10/10
LA Times Review
17 April 2006
As pared down, stylish and deceptively simple as the stark glass and concrete block inhabited by two of its main characters, "La Mujer de Mi Hermano" (My Brother's Wife) is an adultery drama that skips the big life lessons in favor of observing the mysteries of human interdependency and social behavior.

Peruvian director Ricardo de Montreuil has transposed the characters created by his compatriot, novelist Jaime Bayly, from Lima to Mexico City and has cast Mexican stars in three of the film's four principal roles. The idea behind the relocation was to broaden the film's global appeal, as Mexican films tend to be well received across Latin America and within the United States. Accents and local slang are duly adjusted, but the shift feels academic. "La Mujer de Mi Hermano" blooms inside only the most insular, intimate spaces, its characters untouched by the world around them. If anything, it's a reminder that class — especially the upper echelons — is a country unto itself that doesn't recognize geographical borders.

Disturbingly beautiful and melancholic Zoë (Barbara Mori) lives with her image-obsessed husband, Ignacio (Christian Meier), in an ultra-modern house — half display case, half hothouse — on the outskirts of the city. Ignacio is wealthy and doting but distant, and their marriage is affectionate but passionless. Ignacio's sterility and Zoë's refusal to consider adoption compound the feeling that the marriage has cruised into a cul-de-sac.

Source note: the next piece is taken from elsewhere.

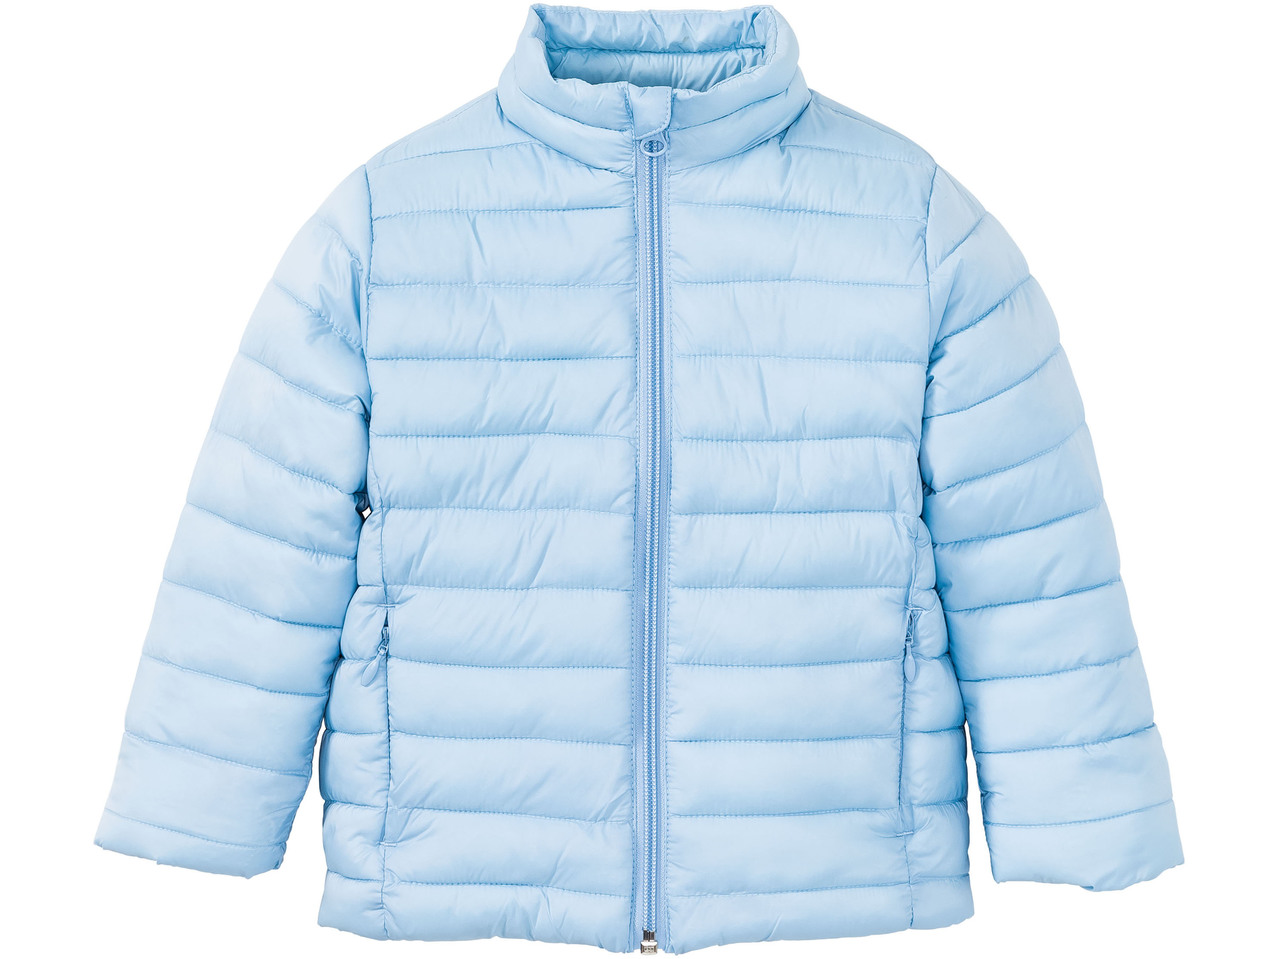 Kids' Lightweight Thermal Jacket

Zoë's complaints, which she shares with her gay friend Boris (Bruno Bichir), are legitimate, but it's Ignacio who elicits sympathy at first. Genuinely afraid of losing Zoë, he exudes a tightly wound, reined-in helplessness that's painful to watch. The feeling is cemented when Zoë starts hanging around with Ignacio's estranged younger brother, Gonzalo (Manolo Cardona), a painter who bad-mouths Ignacio at every opportunity but gladly takes his money each month. When Zoë drops by his gallery unexpectedly, Gonzalo sells her a painting from his show. The selling, rather than giving, becomes another point of contention between Gonzalo and Ignacio, but for Zoë it's a chance to get back at her husband.

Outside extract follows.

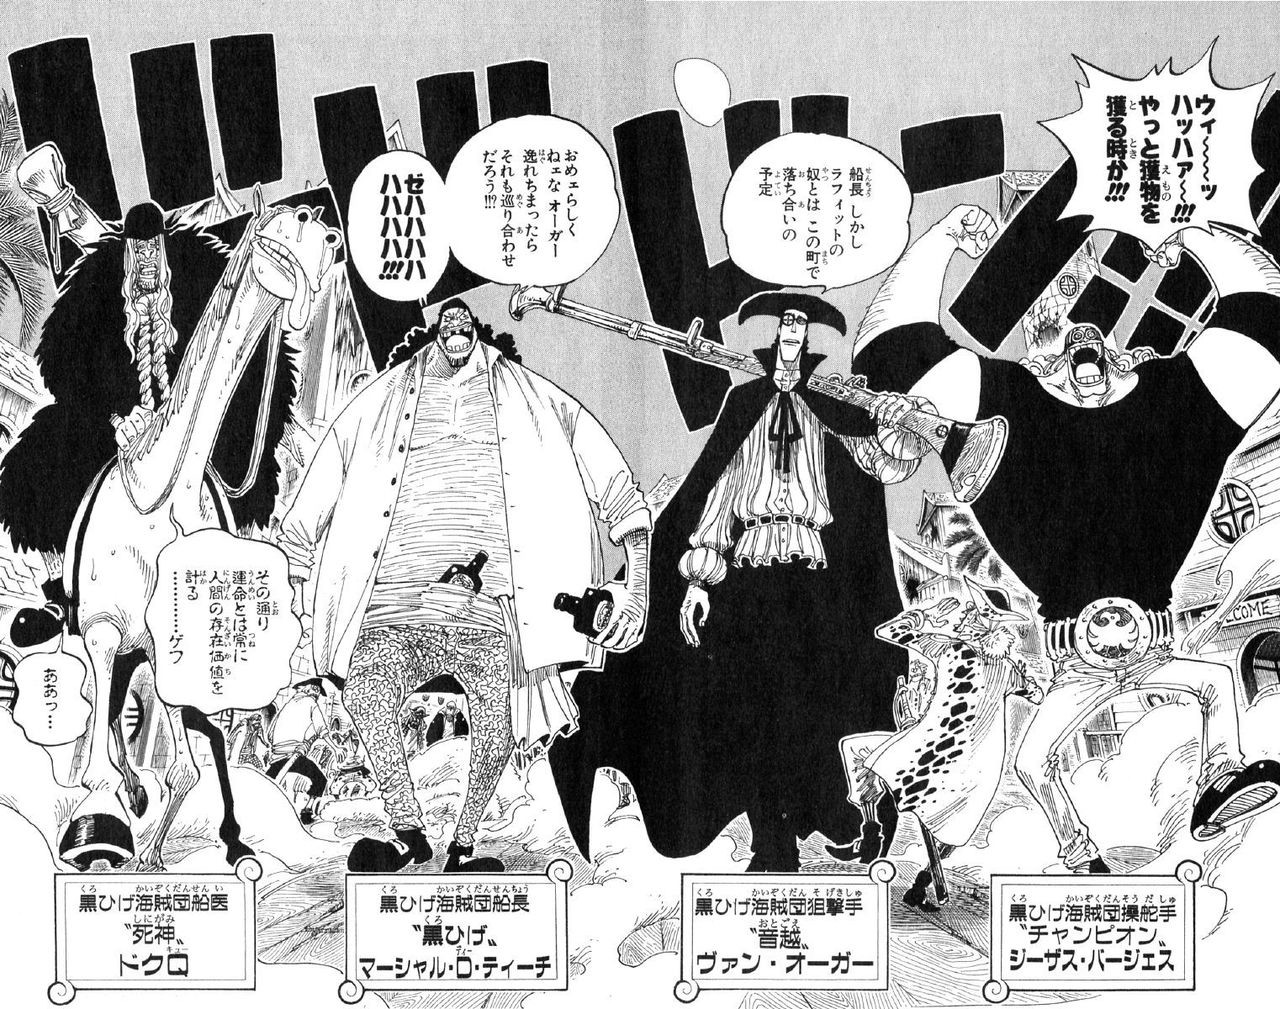 [Breaking news] Blackbeard Pirates was a body group

The principal pleasures of the film lie in the subtle shifts in character that prompt shifts in allegiance, so I won't spoil them. The main thing is that "La Mujer de Mi Hermano" lets its characters' behaviors speak for themselves, which naturally lead the audience into snap judgments that evolve into something more fluid and forgiving.

Tall and broad, Meier has a rigid, hulking quality that serves him well as the high-strung businessman scared stiff of losing his wife. For a guy built like a pylon, he has a remarkable way of making himself small by tucking himself into a neat package.

Mori, a memorable presence, plays an instantly recognizable type nonetheless rarely seen on screen. Zoë's uncommon beauty masks her neediness, insecurity and loneliness. Mexican star Angélica Aragón plays Cristina, the mother of Ignacio and Gonzalo, a woman who sees strictly what she wants to see and nothing more.

A final twist — a bit of a corker — threatens to push what has otherwise been a cool-headed emotional experience into the realm of melodrama. Despite this false note, "La Mujer de Mi Hermano" keeps a cool eye trained on its characters as they struggle to make their lives conform to some strict phantom ideal.

For a movie about an inter-family dalliance, it's far more pragmatic than you might expect, and far more humane. Ultimately, "La Mujer de Mi Hermano" offers the uncommon (in movieland) perspective that it may be the ideal that oppresses life, not the other way around.